Tax News Update    Email this document    Print this document  

July 28, 2020

BREAKING TAX NEWS | IRS releases highly anticipated final and proposed regulations on IRC Section 163(j) limits on business interest expense deductions, along with related guidance

Today, the Treasury Department released final regulations (TD 9905) (the Final Regulations) and proposed regulations (REG-107911-18) (the Proposed Regulations) with guidance on the business interest expense limitation under IRC Section 163(j) (the Section 163(j) Limitation). The Section 163(j) Limitation was modified in December 2017 by the Tax Cuts and Jobs Act (TCJA), and in March 2020 by the Coronavirus Aid, Relief, and Economic Security Act (the CARES Act).

With the regulations, the IRS issued Notice 2020-59, which creates a safe harbor allowing taxpayers that manage or operate qualified residential living facilities to be treated as a real property trade or business solely for purposes of qualifying as an electing real property trade or business. It also released FAQs on the aggregation rules that apply for purposes of the gross receipts test and determining whether a taxpayer is a small business exempt from the IRC Section 163(j) deduction.

The Final Regulations provide guidance on:

  • Items treated as interest expense and interest income for purposes of IRC Section 163(j)
  • The exclusion of certain small taxpayers and trades or business from the Section 163(j) Limitation
  • The application of the Section 163(j) Limitation to consolidated groups, partnerships, foreign corporations, trusts and other taxpayers (such as REITs)
  • The interaction of IRC Section 163(j) with other deferral, disallowance and capitalization rules
  • Ordering rules for taking into account previously disallowed interest expense
  • Elections for excepted trades or businesses and how to allocate interest expense, interest income and other items
  • Coordination of the Final Regulations with the provisions of the CARES Act

Significant changes in the final regulations, as compared to the former proposed regulations, include:

  • Narrowing the proposed scope of the items treated as interest income and expense to exclude commitment fees, debt issuance costs, and gains/losses from certain hedging transactions, except in cases of abuse
  • Permitting taxpayers to add depreciation, amortization or depletion allowances that are capitalized into inventory under IRC Section 263A to "tentative taxable income" when calculating adjusted taxable income (ATI) for tax years beginning before January 1, 2022
  • Precluding intercompany transactions and asset transfers to an acquiring corporation in an IRC Section 381(a) transfer from being treated as a "sale or other disposition"

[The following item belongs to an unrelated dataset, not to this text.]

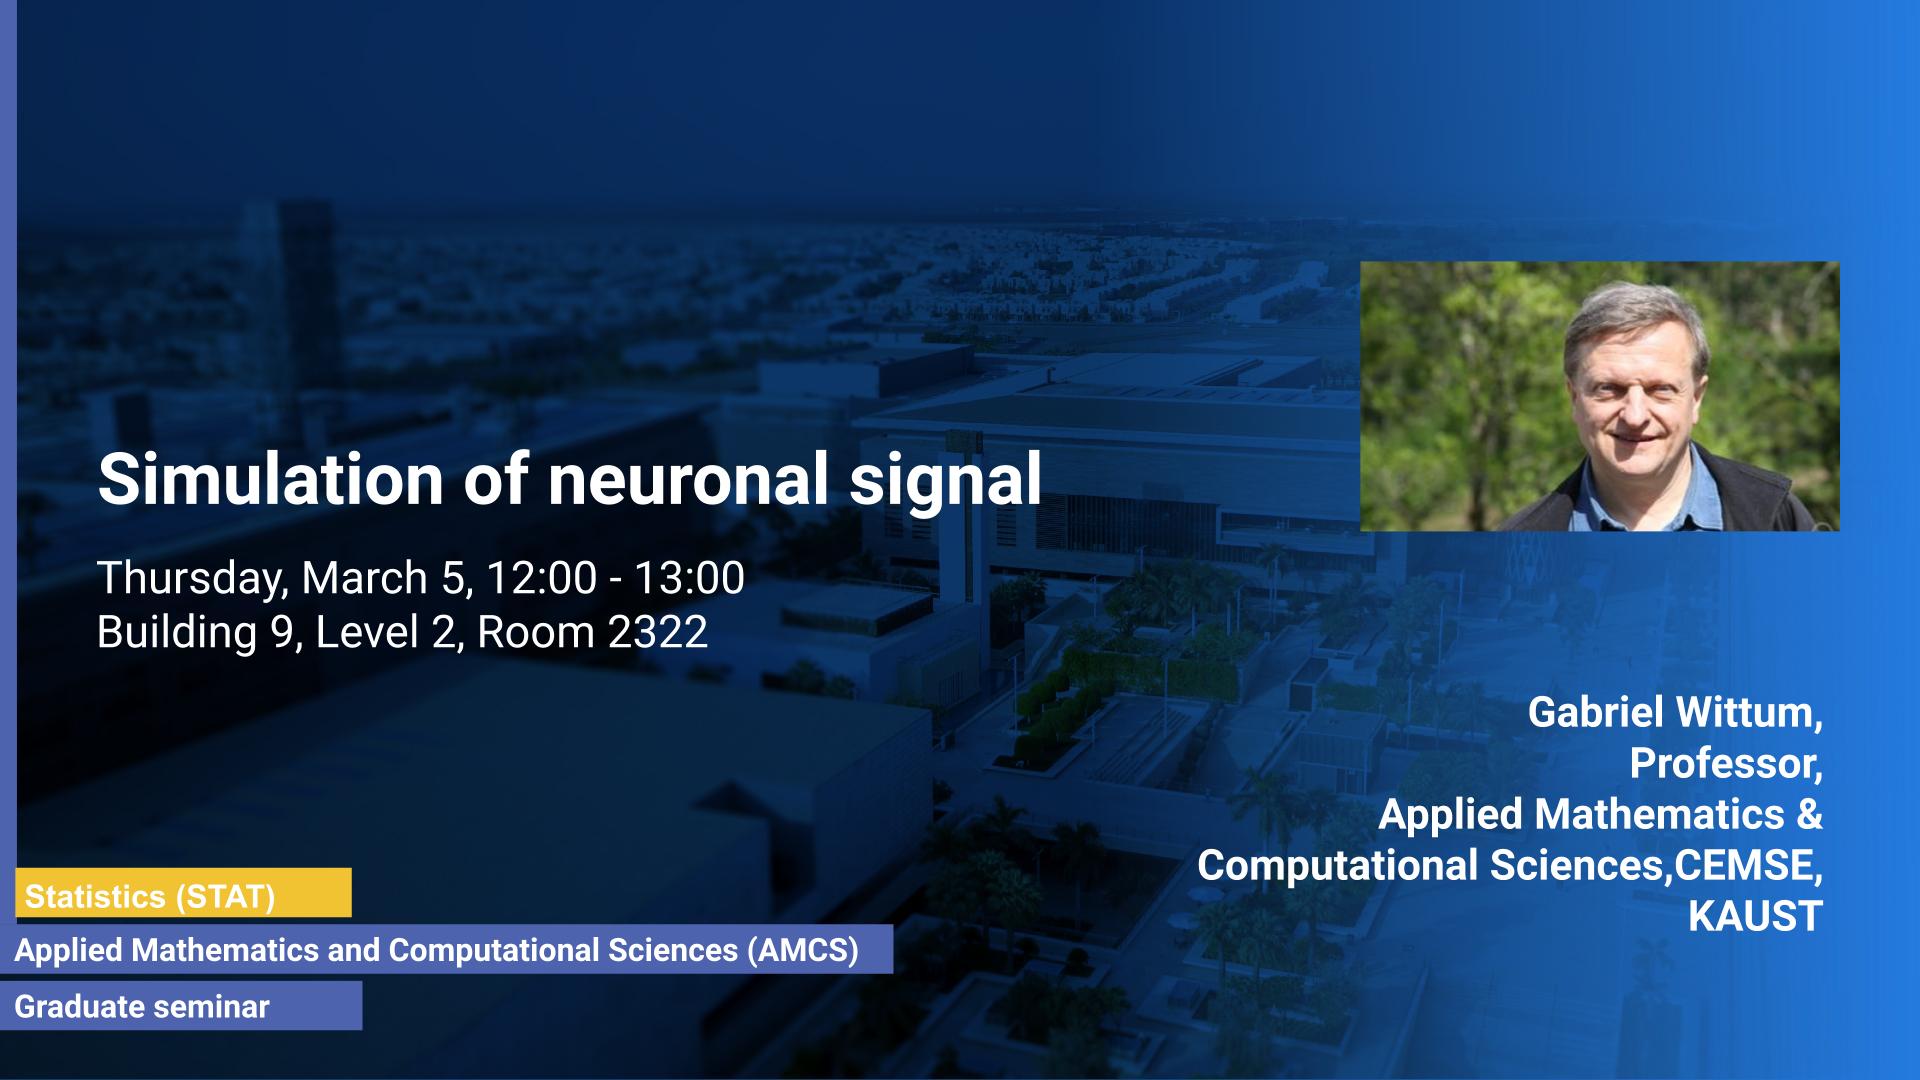 KAUST-CEMSE-AMCS-STAT-Graduate-Seminar-Gabriel Wittum-Simulation of Neuronal Signal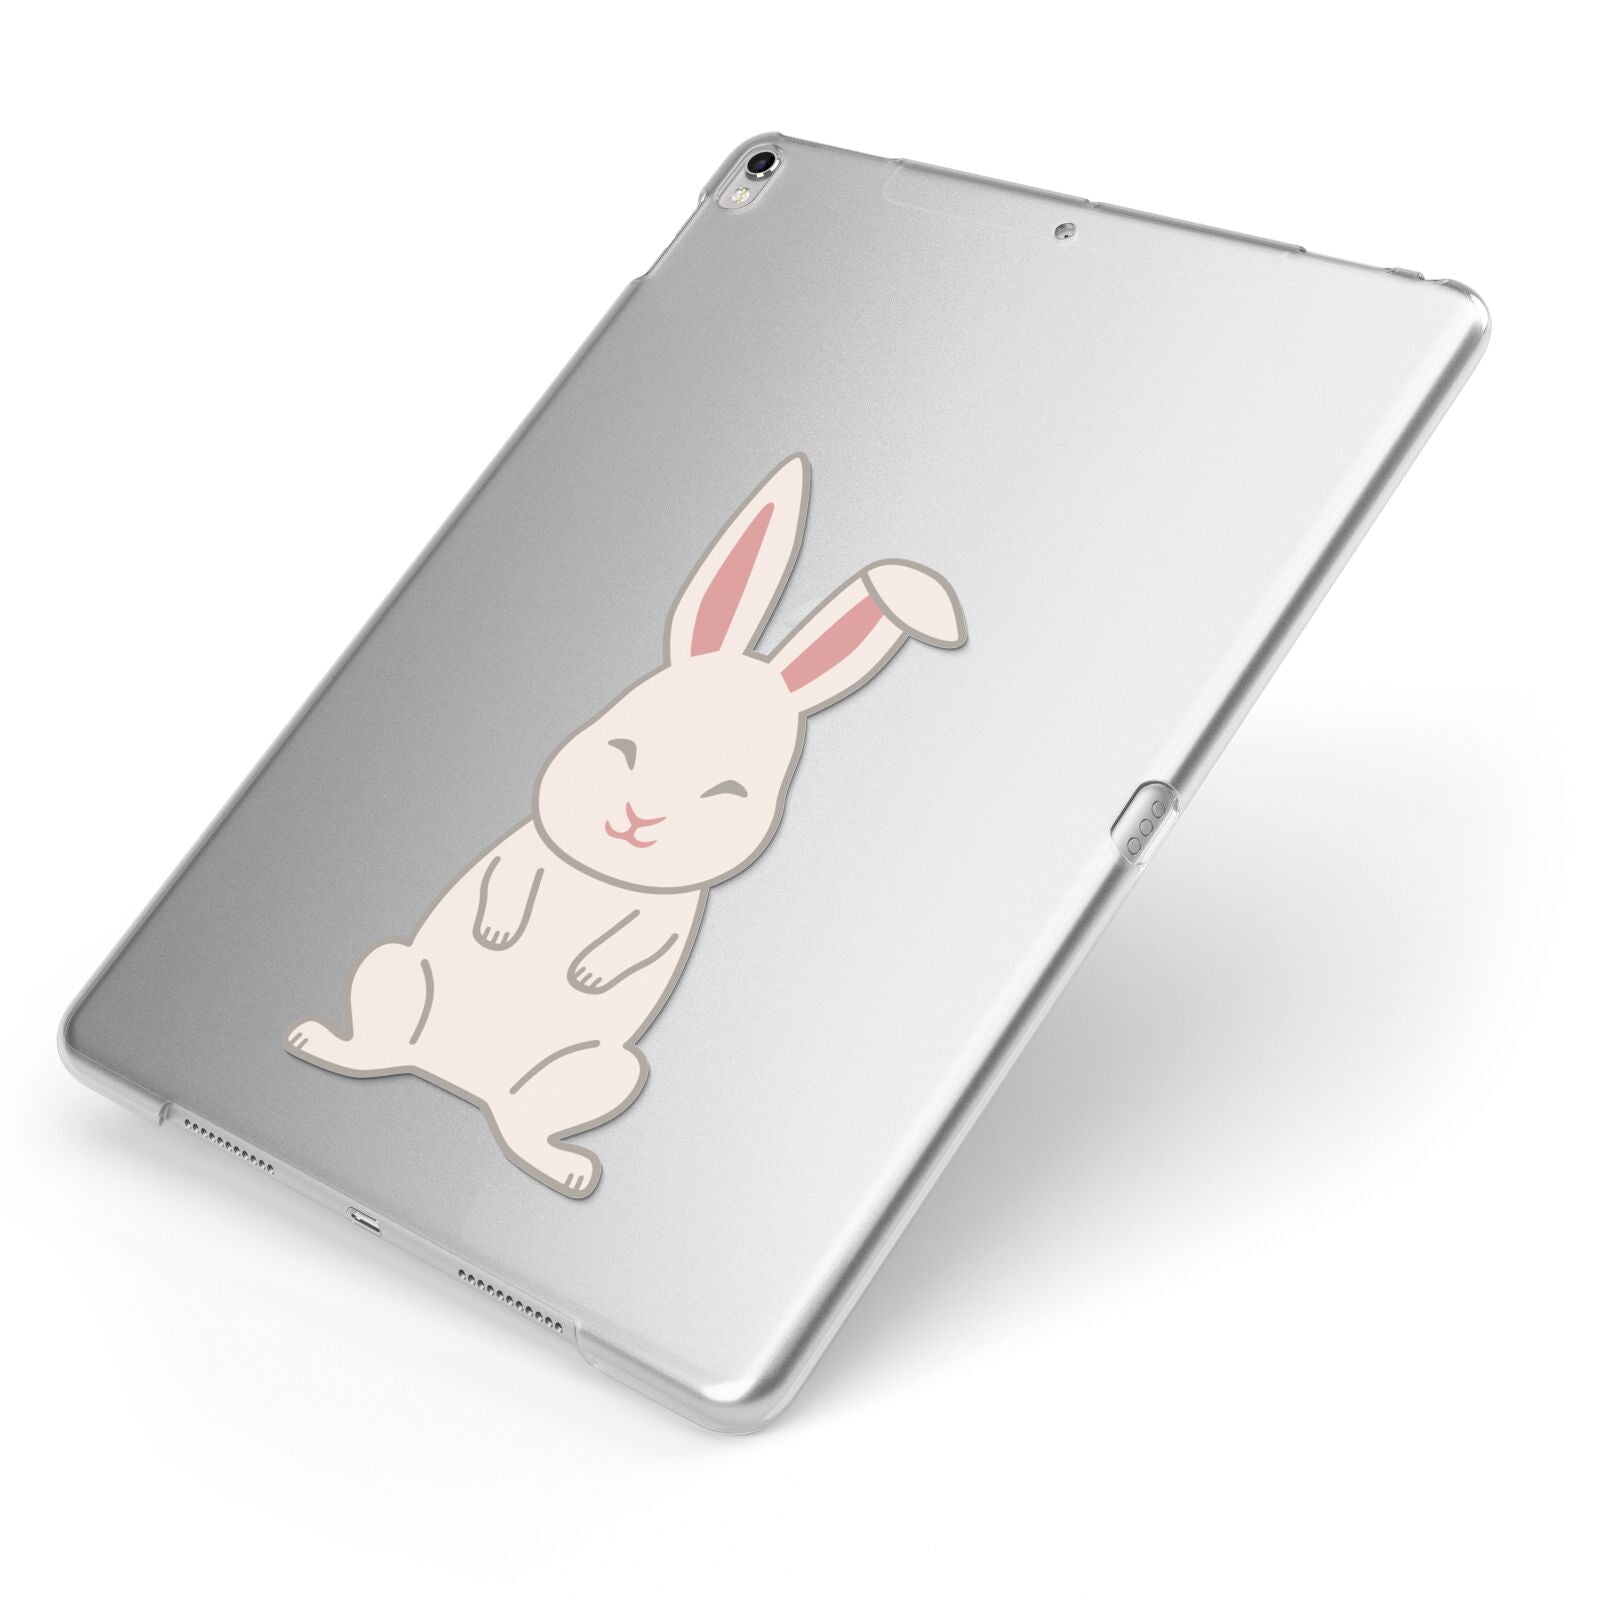 Bunny Apple iPad Case on Silver iPad Side View

The Final Regulations apply to the first tax year beginning 60 days after the final regulations are published in the Federal Register (i.e., January 1, 2021, for calendar-year taxpayers). An anti-avoidance rule applies to transactions entered on or after the date the Final Regulations are published in the Federal Register. Taxpayers may apply the Final Regulations to tax years beginning after December 31, 2017, so long as they consistently apply all of the Final Regulations.

The Proposed Regulations:

  • Include a substantially modified set of rules for applying the Section 163(j) Limitation to controlled foreign corporations (CFCs), including CFCs that are members of a "CFC group"
  • Clarify the application of IRC Section 163(j) to different partnership structures
  • Provide guidance under the CARES Act on excess business interest expense allocated to a partner in a partnership in a 2019 tax year, and the election to use ATI from the last tax year beginning in 2019 to determine a taxpayer's Section 163(j) limitation for a 2020 tax year
  • Provide rules for applying the Section 163(j) Limitation to foreign persons with effectively connected income

The Proposed Regulations generally are not retroactive, though taxpayers may choose to apply them to tax years beginning after December 31, 2017.

Tax Alerts on this guidance are forthcoming.